Source:
Philadelphia Magazine May 1993

Article:
Dr Basil Snyman: Wise Cracker
By unknown
Philadelphia Magazine
May 1993

“Who the hell wants their neck cracked? That word has gotten us into more trouble. I don’t like my staff to use it.” Dr. Basil Snyman, a 42 year-old chiropractor, is defending his profession in the consulting room of his busy center city office, which is decorated with his own professional quality photographs. As a boy growing up in South Africa, Snyman believed sick people routinely visited chiropractors because his Dad was one and that’s who took care of him when ever he was ill. Consequently, when he joined his father’s practice in 1975, it came as something of a shock to find that the general public viewed him as a dangerous man, a quack. “ In those days most everybody thought we were an unscientific cult,” he says. “M.D.s were not allowed to consort with us. They warned people we’d paralyze them or break their necks. Fortunately for us people will go to anybody that helps them”.

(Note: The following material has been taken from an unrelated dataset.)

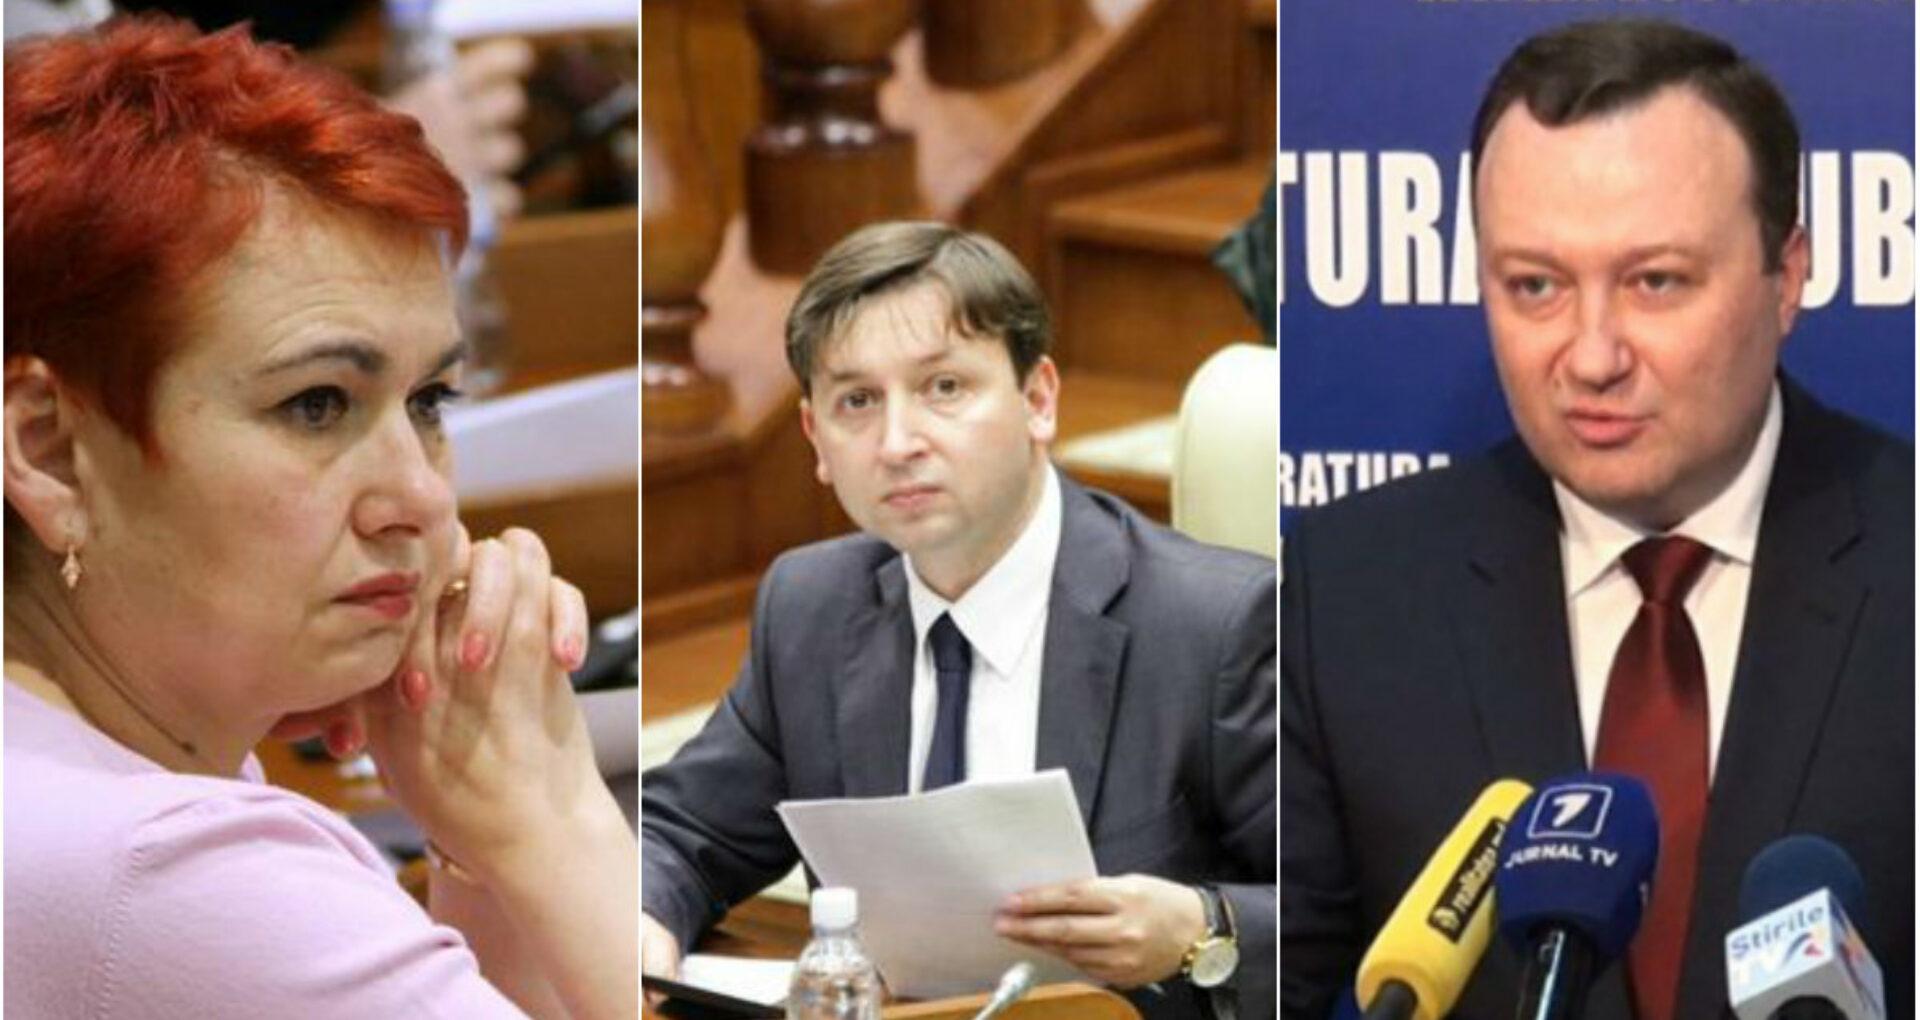 Organizațiile societății civile semnalează modul netransparent de numire a ultimilor trei judecători constituționali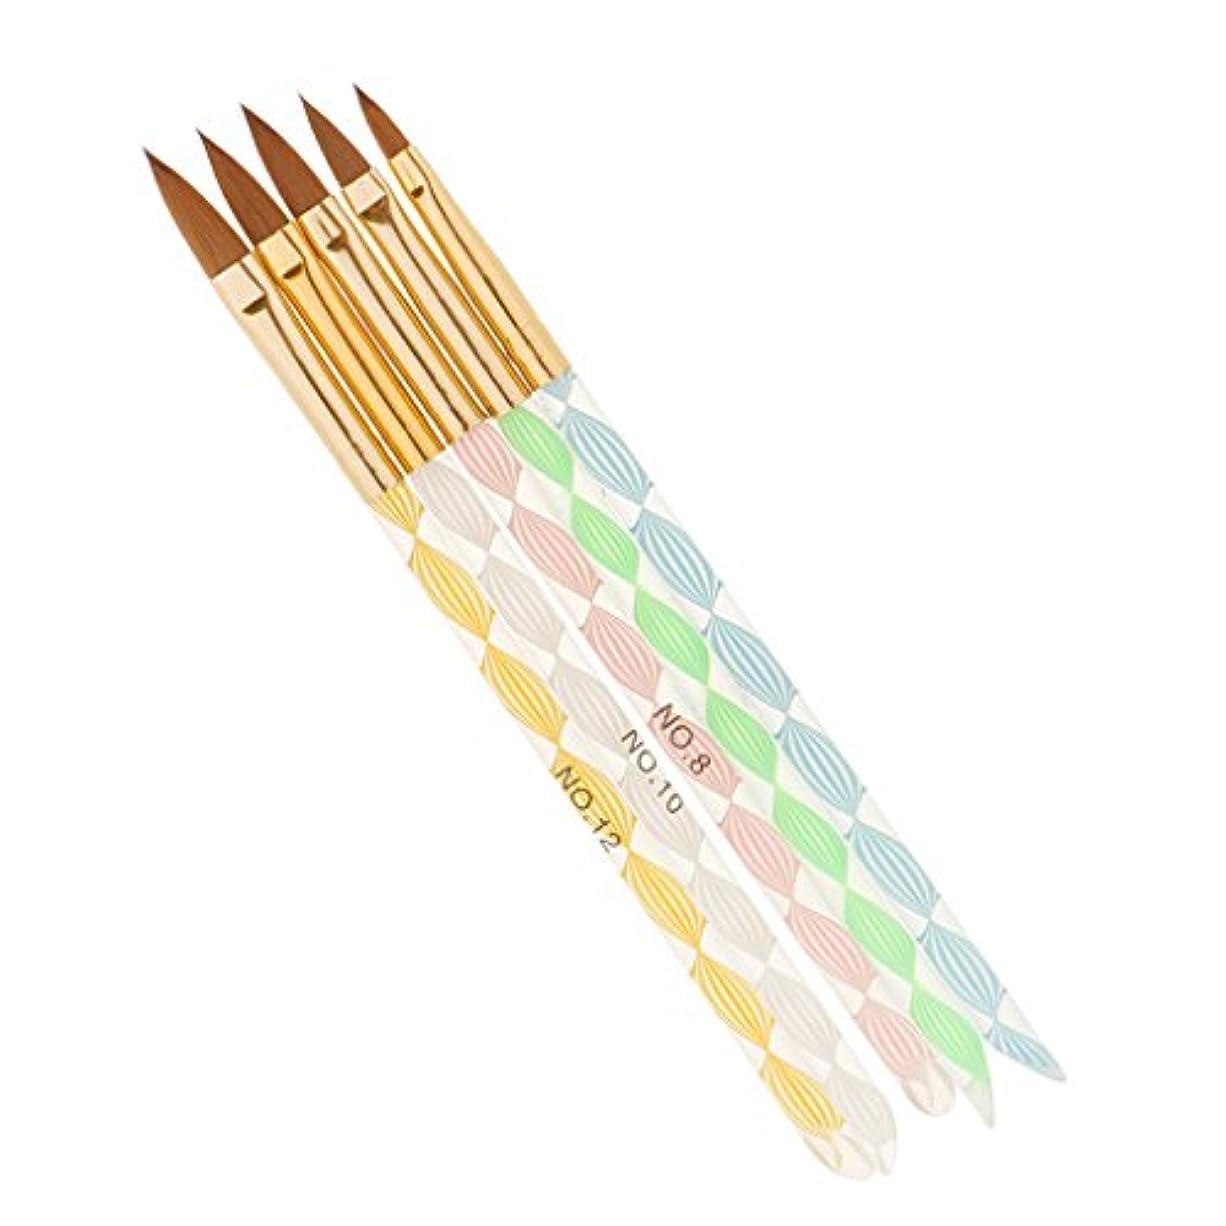 内訳爵プラスチックPerfk 5本 ネイルアート デザイン ブラシキット マニキュアツール 絵画 描画 磨き ブラシ

The majority of Snyman’s patients arrive with back problems –more often from too much exercise rather than too little- and by the time they reach him, fed up and desperate, they’ve been through the medical mill. To their surprise-although not his-they often wind up getting help for a complaint other than the one that brought them in: a reflex problem cured when manipulation relieves nerves impinging on the esophagus; anxiety attacks stopped by easing chest pressure that’s causing shortness of breath; facial pain from TMJ decreased.

“Certainly I wouldn’t treat someone with thyroid disease or diabetes,” Snyman says. “I recognize when a patient needs a physician long before a physician recognizes somebody needs me. They haven’t a clue what I do, although some orthopedists are coming around.”

What he does after x-rays, a history and an examination, is embark on a program of spinal manipulation (sometimes with electrotherapy and ultrasound) along with diet, exercise and nutrition suggestions. Patients often leave with bottles of supplements, especially calcium. The fee for an initial consultation, examination, treatment and x-rays runs$170.00. Office visits are $35.00. “Now that Blue Cross will pay us,” he says wryly, “people are beginning to think we’re okay.”